Wicky did not look forward to being Jo Ann's jack-in-a-box with any joy whatever. Being sealed in a box and jolted onto a truck and off a truck, and possibly over-ended up a couple of flights of stairs, and having the box opened in a room full of shouting boys did not appeal to Wicky us being the utmost pinnacle of pleasure. But to Jo Ann, it seemed a small thing for one friend to do for another, and she put it to Wicky so strongly that Wicky finally agreed to be the April Fool radio set.

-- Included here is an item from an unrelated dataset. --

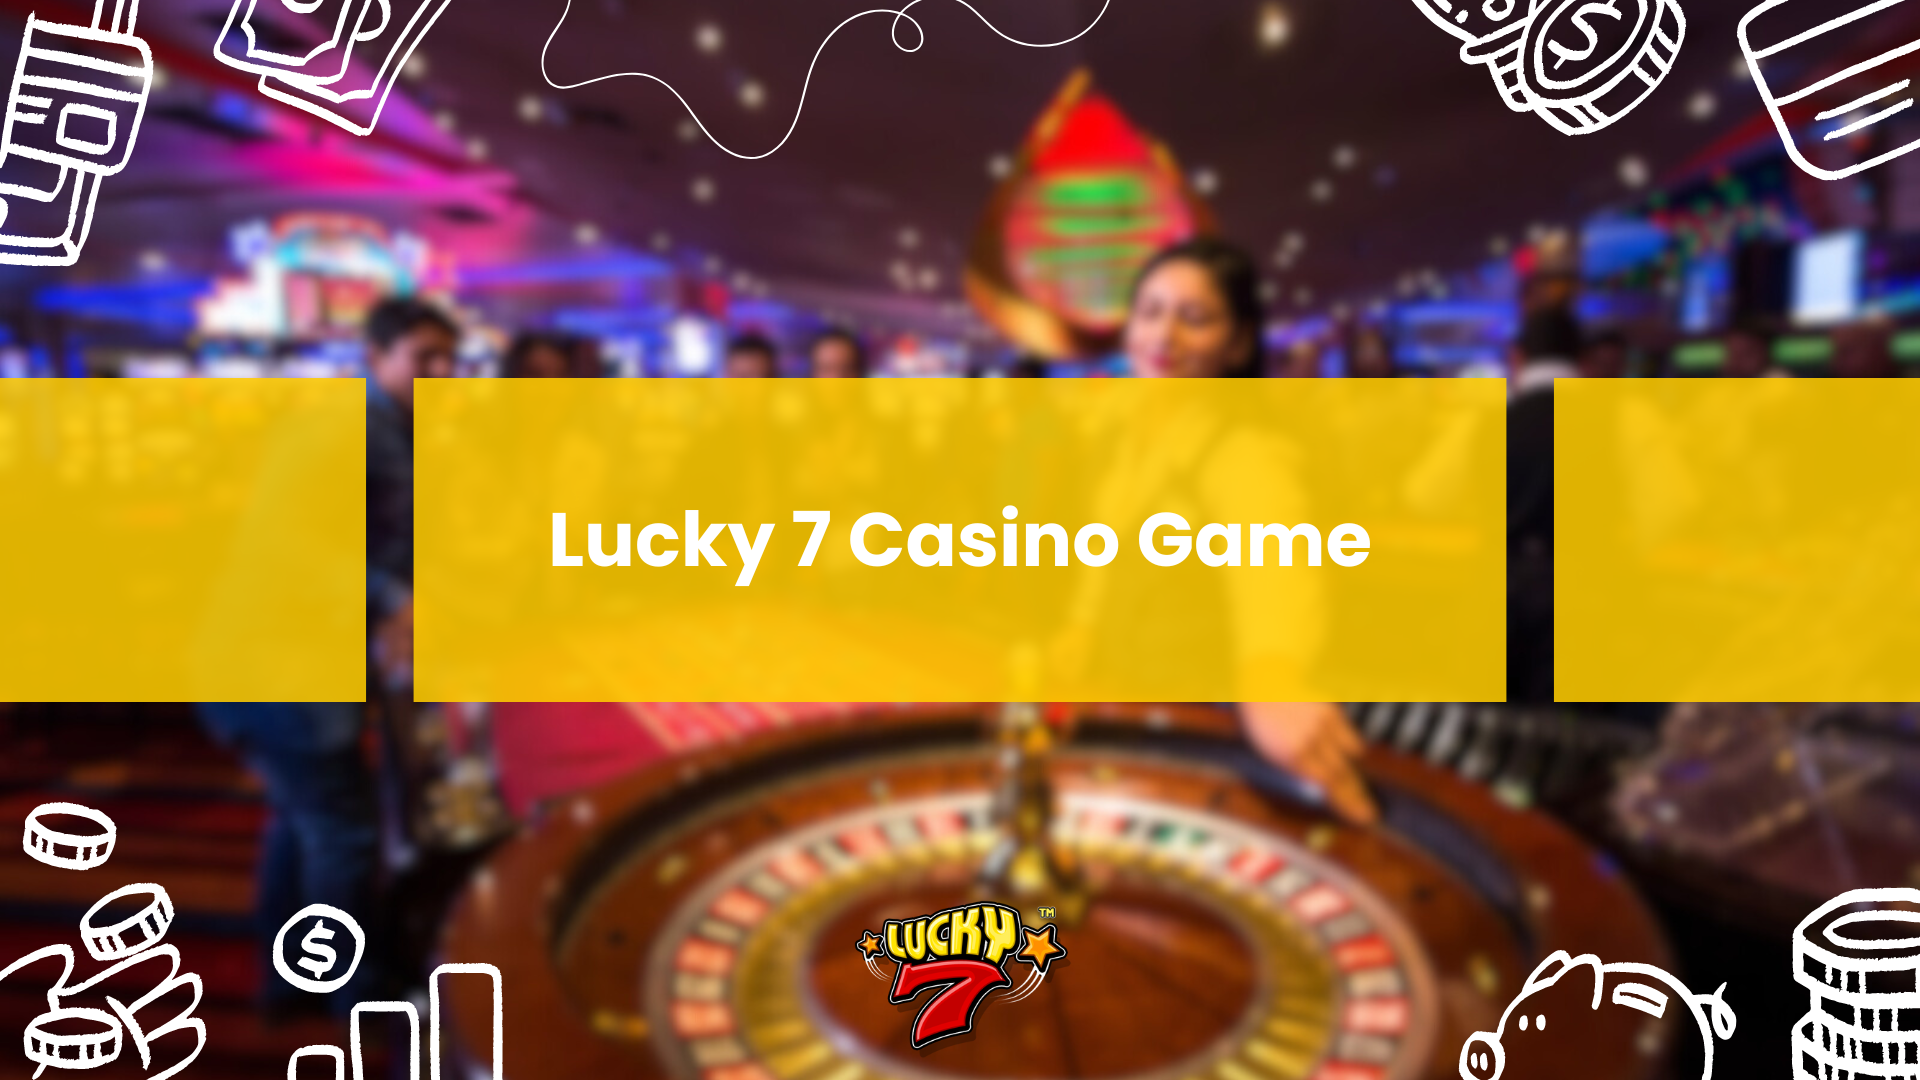 Lucky 7 Casino Game

It did not take Jo Ann long to decide what Wicky was to wear; her gymnasium suit seemed the best outfit for wearing in a corrugated paper-board box, being both neat and modest, and it was agreed that Wicky should wear her Girl Scout clasp knife, in case the authorities of Spenceville Academy ruled that Tommy Bassick could not have a radio, and stored the box in a cellar or storage room. There was no telling what demerits a boy like Tommy Bassick might have had piled up against him, and the radio might be kept from him as a punishment, and it would be extremely unpleasant for Wicky to be in a box on top of a pile of two or three hundred trunks for two months or so, until school was over, she said.
Preparing the label for the box was not much trouble. Jo Ann's radio had been sent from the leading radio store at home, and this was the store from which one would probably be sent to Tommy Bassick, if his parents decided to send him one, so all that was necessary was to change the name and address to Thomas Bassick, Spenceville Academy, which Jo Ann did very neatly. Neat air-holes were cut in the box in inconspicuous places, and Jo Ann got a small bottle of glue to be used in pasting the linen strip back over the place where the top of the box folded together like a pair of flat cellar doors, and Joe Higgs, when Jo Ann telephoned, him, said he would be on hand with his truck just about the right time the next day to make it appear as if the box had just arrived from Tommy Bassick's home.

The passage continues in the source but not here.